ABSTRACT

Artificial Intelligence with Machine Learning and Neural Network approaches has explored major application areas from marketing to research. AI is being used in a variety of business areas (medical care, Information Technology, power, agribusiness, clothing, engineering, intelligent cities, touristy, and transportation), as well as administration and marketing operations (Human Resources, client services, reverse engineering, sound body and security, project administration, recommendations, organizational monitoring, and automation implementation)[2]. Nowadays, the Textile Industry is highly automated with different AI algorithms. In textile fabric inspection, artificial intelligence techniques such as neural networks and artificial vision are utilised to improve the performance of productive systems[3]. This study presents in detail how various Intelligent Learning Techniques such as Support Vector Machine, Bayesian Classification, Decision Tree, and K-Nearest Neighbour are implemented in the textile industry to overcome the problems with the traditional methods they are implementing.

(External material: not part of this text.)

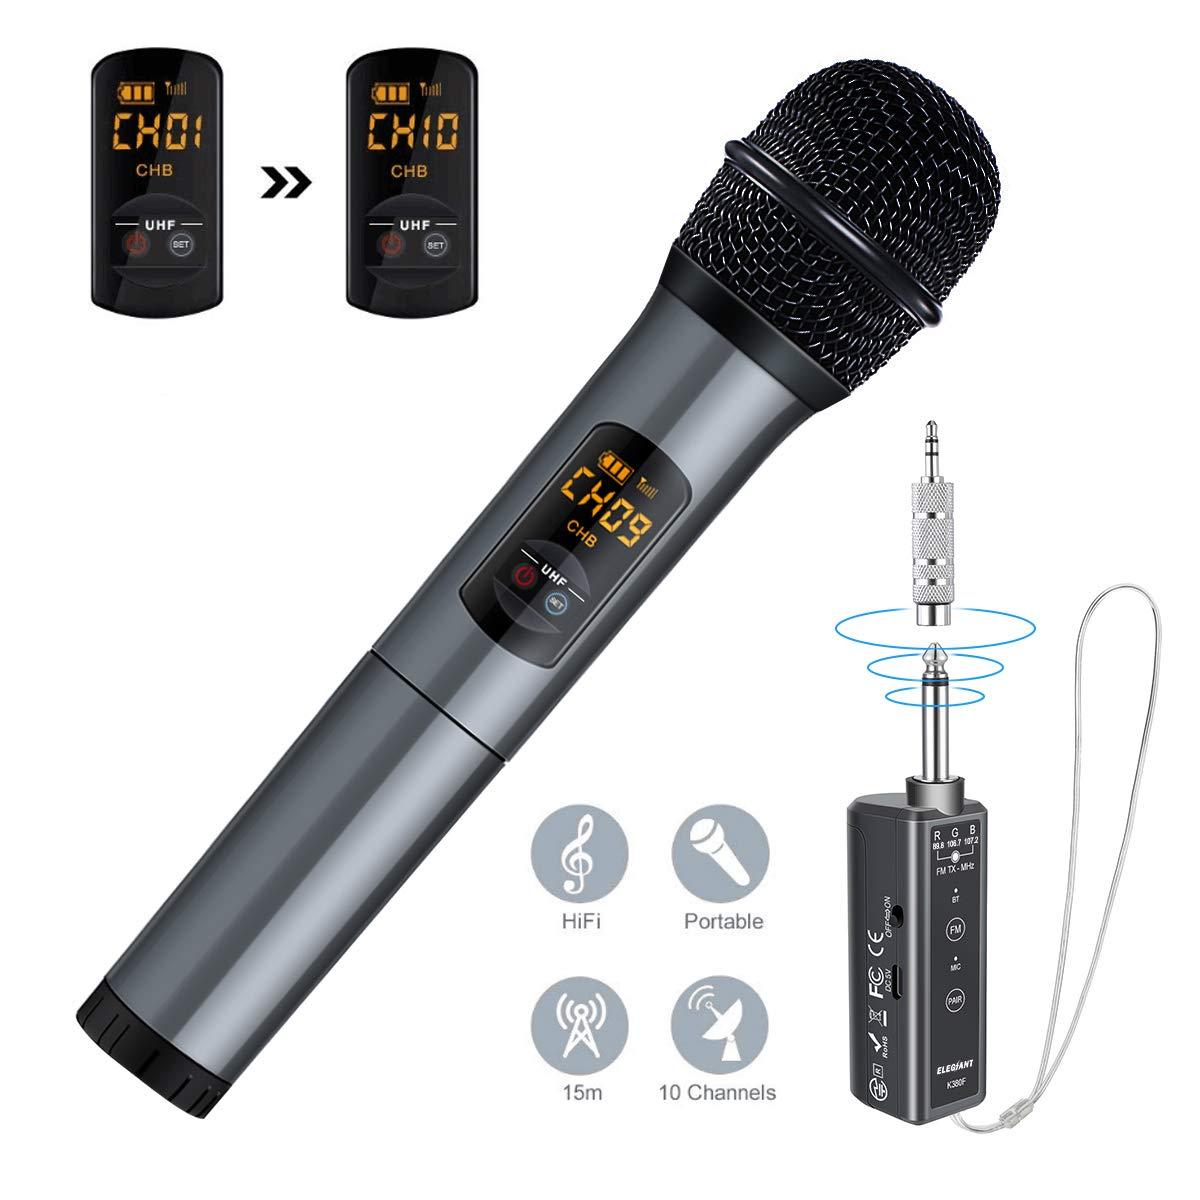 ELEGIANT Funkmikrofon, Kabelloses Mikrofon UHF mikrofon Bluetooth mit Empfänger drahtlos Microphone Karaoke Handmikrofon über 15m Geschenk

It also illustrates clearly the various Neural Network approaches such as Artificial Neural Networks, and Convolutional Neural Networks to provide better performance in textile applications. We conclude this work with comparisons of different Machine Learning and Neural Network Approaches, their advantages and how they can be used to overcome the current challenges in the field of the Textile Industry. The detailed survey represents the optimal strategy that can be implemented in the textile industry as neural network approaches.